Famed statistician John Tukey created the boxplot in 1970. It shows a distribution summary in a small amount of space. Hadley Wickham and Lisa Stryjewski look back on the old standby and its evolution up to present. Keep it in mind, while still used today, the boxplot was created with pencil and paper.
One of the original constraints on the boxplot was that it was designed to be computed and drawn by hand. As every statistician now has a computer on their desk, this constraint can be relaxed, allowing variations of the boxplot that are substantially more complex. These variations attempt to display more information about the distribution, maintaing the compact size of the boxplot, but bringing in the richer distributional summary of the histogram or density plot. These plots can overcome problems in the original such as the failure to display multi-modality, or the excessive number of “outliers” when n is large.
Alright, computers are useful. I guess.
I’ve been using beanplots a lot lately. 99% of the graphs I draw are distributional visualizations, and beanplots are particularly good for comparing multiple pairs of distributions (e.g., diversity in two classes of sites by region).
Thanks for sharing this article!
Hey Raphael!
Could you tell me what the outer edges of bean plots imply and why they are of such varying shapes.
John Tukey deserves enormous credit for his energetic and enthusiastic advocacy of box plots (and, naturally, much, much else in statistical graphics, statistical science, and science, generally).

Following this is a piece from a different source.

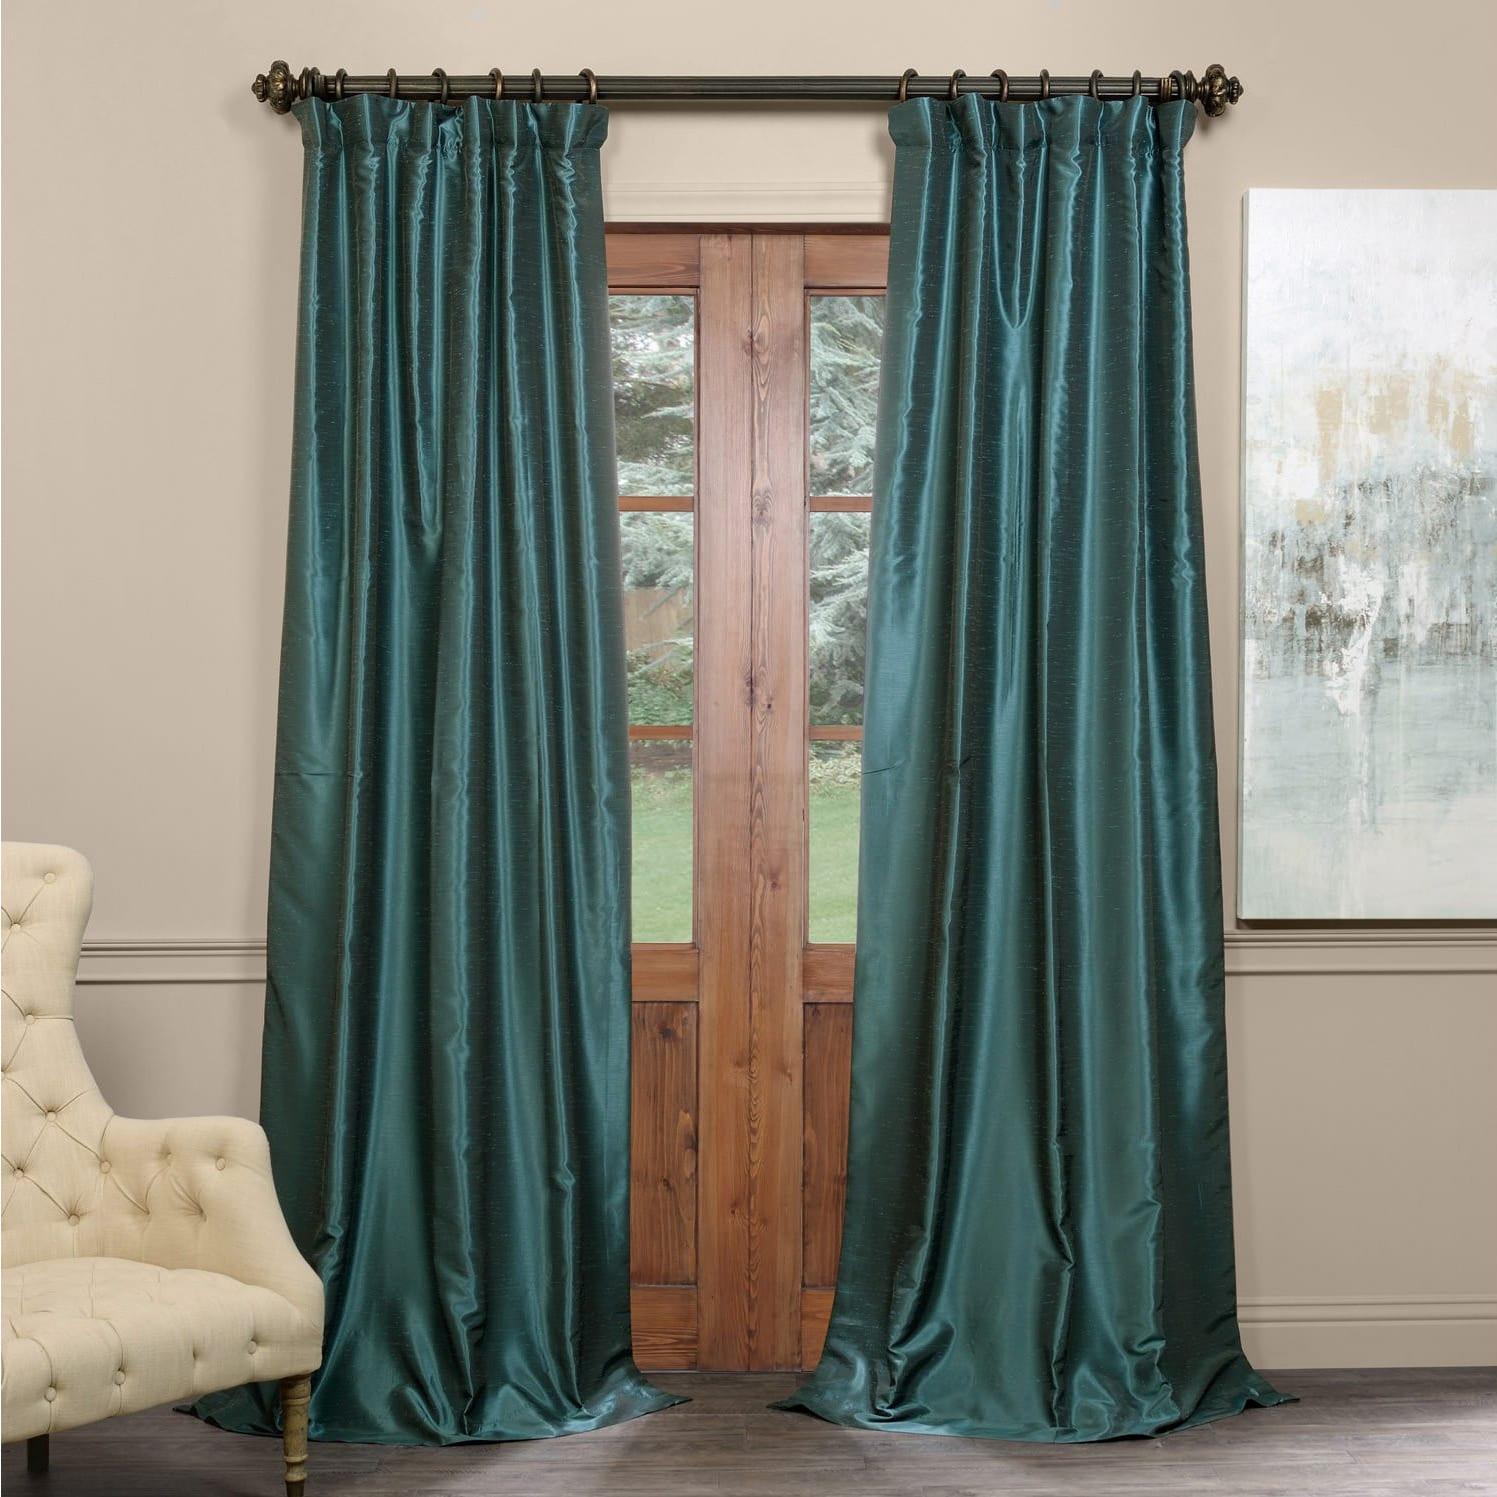 Exclusive Fabrics True Blackout Vintage Textured Faux Dupioni Silk
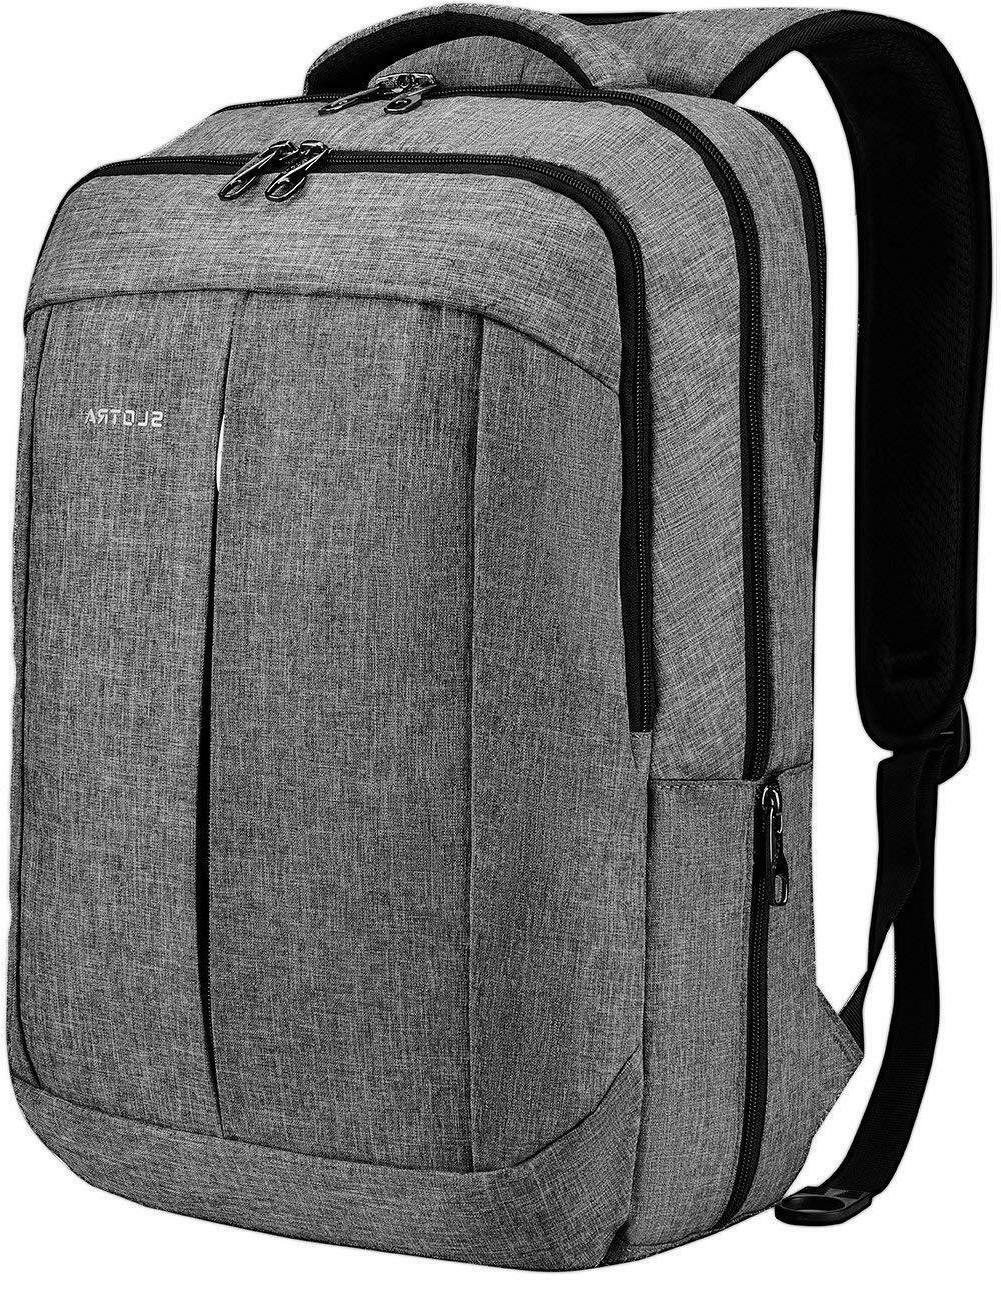 17 Inch Laptop Backpack for Men Women Business Travel Bag Ca

But the claim that he invented the box plot, although passed on from course to course and text to text as an invariable meme, is at best a half-truth. Re-invention, very likely.
Box plots were used in climatology and geography from at least 1933, usually under the dull name “dispersion diagram”. later Mary Ellen Spear included them in 1952 as “range bars” in a text on graphics, as this paper acknowledges. Such diagrams showed median, quartiles and extremes, and often _more_ detail about other data points than many box plots do at present. (That box plots often leave out too much is a frequent discovery.)
The name “box plot” is, so far as I can gather, 100% Tukey, as are his rules on when to show individual data points beyond the “whiskers”.
Should be: Mary Eleanor Spear. Also, according to a report by John Bibby, A.L. Bowley was using box plots in his lectures about 1897.